Subject: File No. SR-FINRA-2010-053
From: Frederick W Rosenberg, JD

December 3, 2010

Thirty years ago, arbitrations lasted a day and expert testimony was rare. Ajudication issues were simpler and an Industry Arbitrator was expected to add expertise to the panel that would not otherwise come to their attention f rom the claimant.

But today, arbitrations often last a week or more with multiple witnesses, dueling experts, and protracted examinations. Furthermore the panoply of financial products, advisers, fee accounts, has exploded with the growth of 401K and self directed retirement programs.

Today Arbitrations resemble court hearings with complete discovery, standard objections, motions and procedures. Evidence burdens cannot be inferred and claimants are often put to procedural tests as well as evidentiary ones. e.g. Claimants are often put to the test of disproving financial projections and representations, often at great cost.

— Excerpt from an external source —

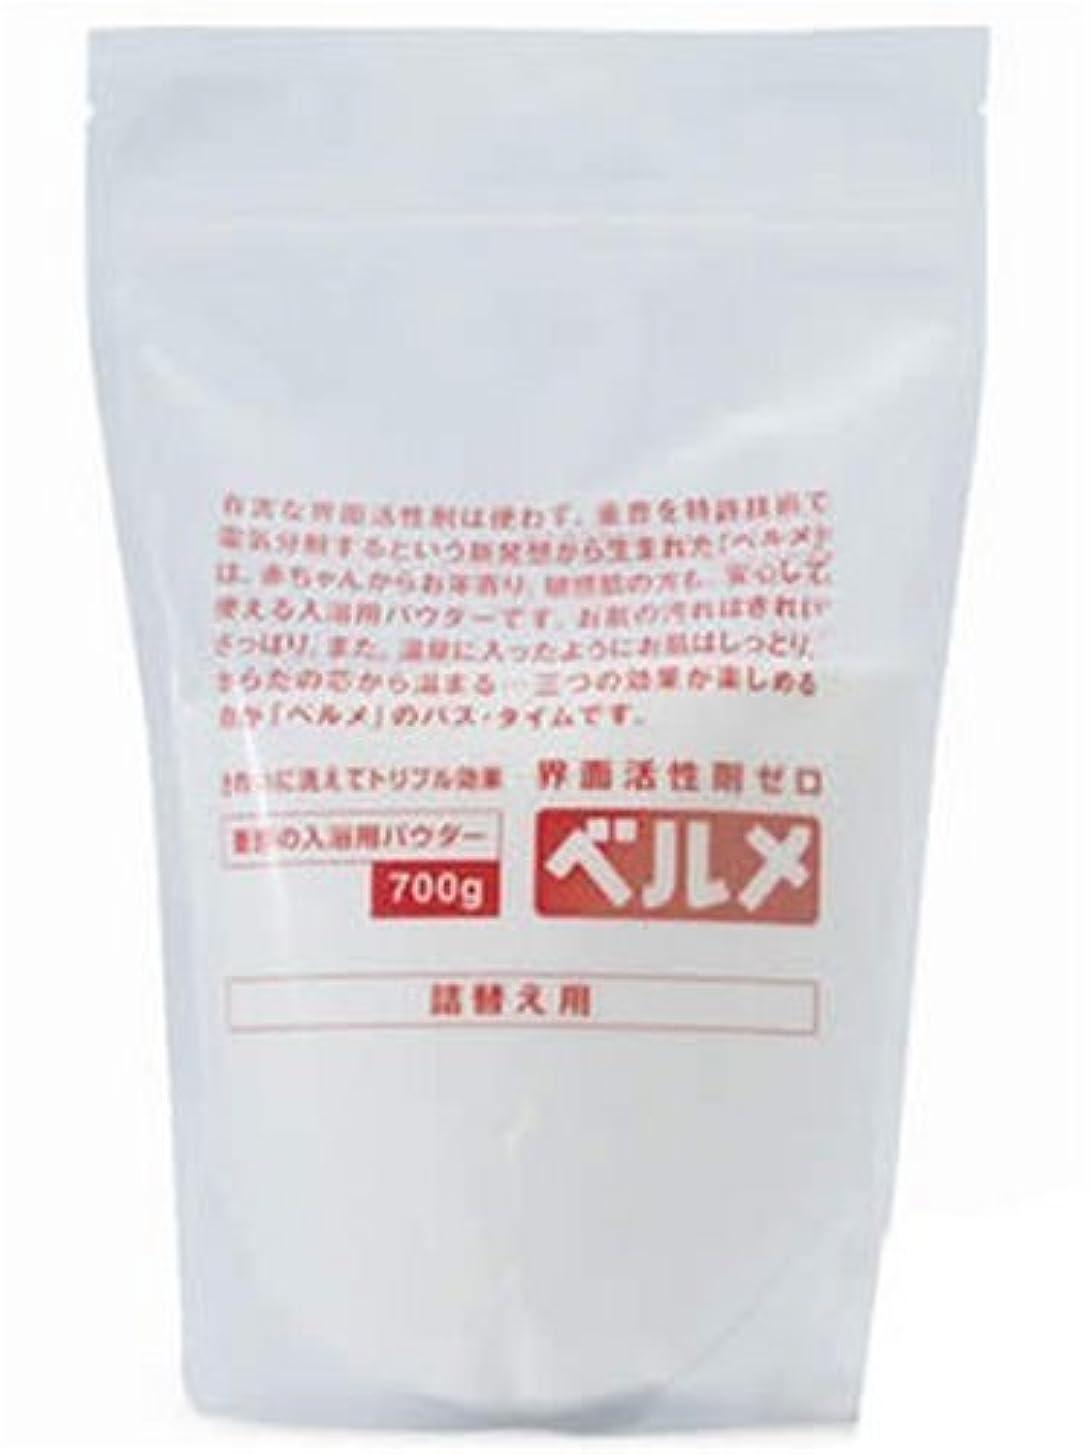 つぶやきペンダントそれベルメ 重曹入浴用パウダー(界面活性剤ゼロ) 700g

The last person who should rule on the evidence is a representative of the very industry whose foundation is built on the very representations at issue. Even more ironic, when there is an issue that industry expertise would be welcomed, there is no methods to even select an industry arbitrator with any relevant expertise.

Arbitration has grown beyond the days when the Industry panelist brought expertise to a short hearing often heard without experts. The time for the evidence to be heard by a fully neutral panel is essential. Make the rule permanent.